Reading a Document will wipe any existing contents clean before import. However, you can import objects from multiple files into a single Document object using Document.append(). This can be advantageous when you want to integrate multiple objects from different files into a single design. This kind of data integration is an important and useful feature of SBOL.

A Document may contain different types of SBOL objects, including ComponentDefinitions, ModuleDefinitions, Sequences, and Models. These objects are collectively referred to as TopLevel objects because they can be referenced directly from a Document. The total count of objects contained in a Document is determined using the len function. To view an inventory of objects contained in the Document, simply print it.

>>> len(doc)
31
>>> print(doc)
Attachment....................0
Collection....................0
CombinatorialDerivation.......0
ComponentDefinition...........25
Implementation................0
Model.........................0
ModuleDefinition..............2
Sequence......................4
Analysis......................0
Build.........................0
Design........................0
SampleRoster..................0
Test..........................0
Activity......................0
Agent.........................0
Plan..........................0
Annotation Objects............0
---
Total.........................31

Each SBOL object in a Document is uniquely identified by a special string of characters called a Uniform Resource Identifier (URI). A URI is used as a key to retrieve objects from the Document. To see the identities of objects in a Document, iterate over them using a Python iterator.

>>> for obj in doc:
...     print(obj)
...
http://sbols.org/CRISPR_Example/mKate_seq/1.0.0
http://sbols.org/CRISPR_Example/gRNA_b_nc/1.0.0
http://sbols.org/CRISPR_Example/mKate_cds/1.0.0
.
.

These objects are sorted into object stores based on the type of object. For example to view ComponentDefinition objects specifically, iterate through the Document.componentDefinitions store:

Similarly, you can iterate through Document.moduleDefinitions, Document.sequences, Document.models, or any top level object. The last type of object, Annotation Objects is a special case which will be discussed later.

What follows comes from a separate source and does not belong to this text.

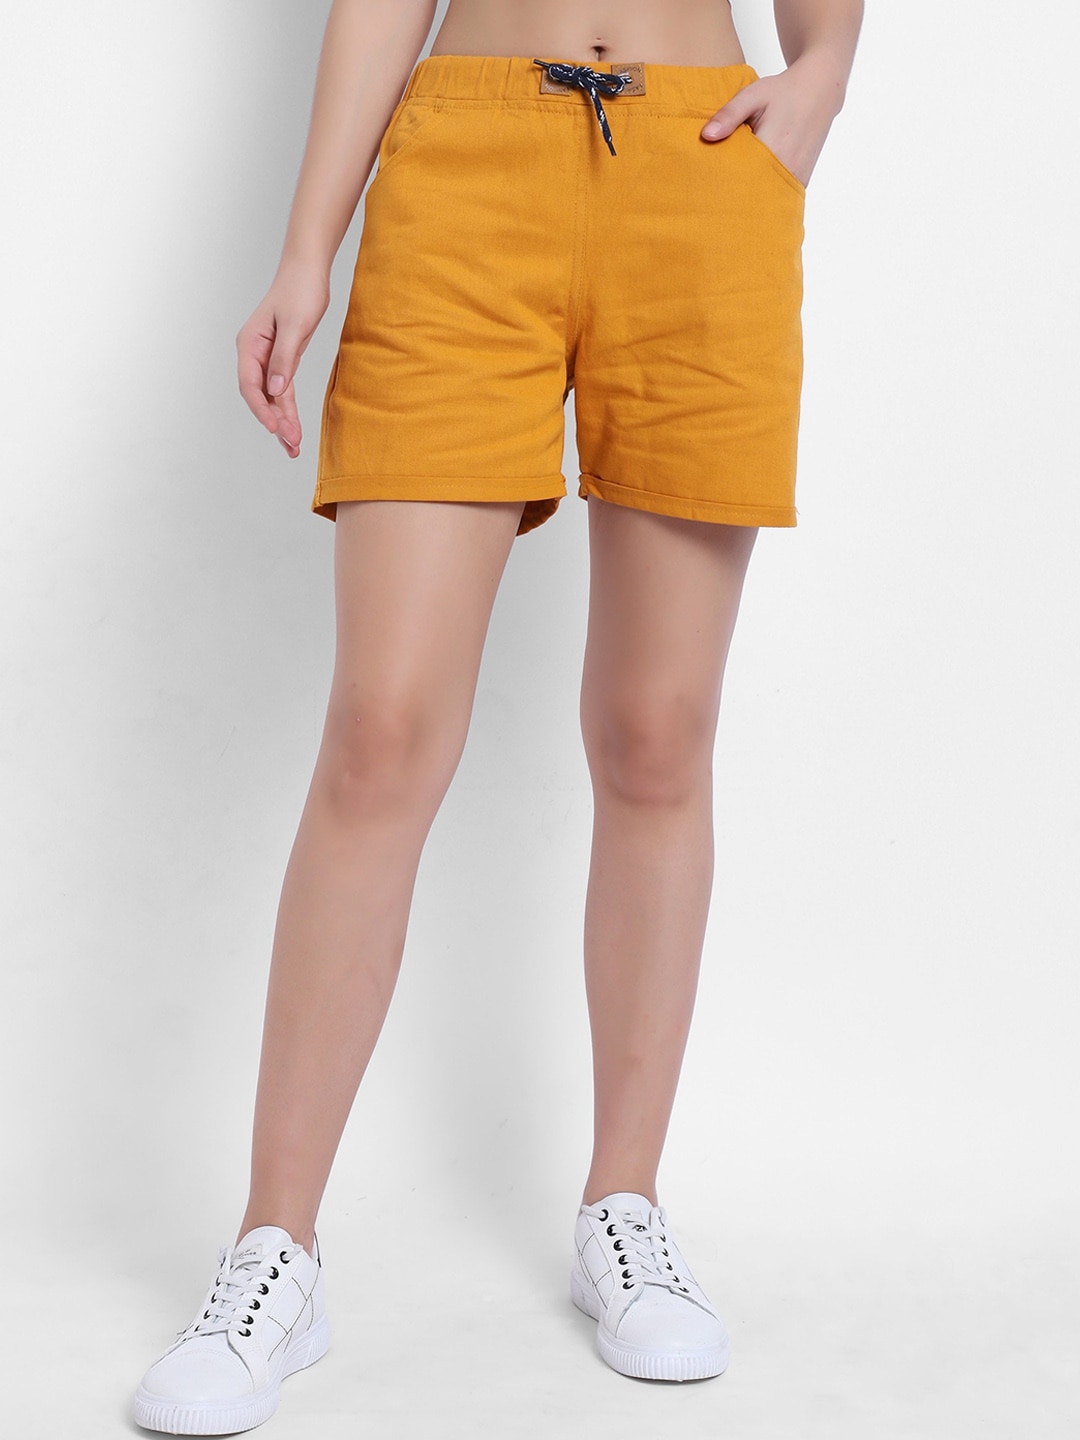 MAZIE Women Mid-Rise Skinny Fit Cotton Shorts Price in India

These URIs are said to be sbol-compliant. An sbol-compliant URI consists of a scheme, a namespace, a local identifier (also called a displayId), and a version number. In this tutorial, we use URIs of the type http://sbols.org/CRISPR_Example/my_obj/1.0.0.0, where the scheme is indicated by http://, the namespace is http://sbols.org/CRISPR_Example, the local identifier is my_object, and the version is 1.0.0. SBOL-compliant URIs enable shortcuts that make the pySBOL API easier to use and are enabled by default. However, users are not required to use sbol-compliant URIs if they don’t want to, and this option can be turned off.

Based on our inspection of objects contained in the Document above, we can see that these objects were all created in the namespace http://sbols.org/CRISPR_Example. Thus, in order to take advantage of SBOL-compliant URIs, we set an environment variable that configures this namespace as the default. In addition we set some other configuration options.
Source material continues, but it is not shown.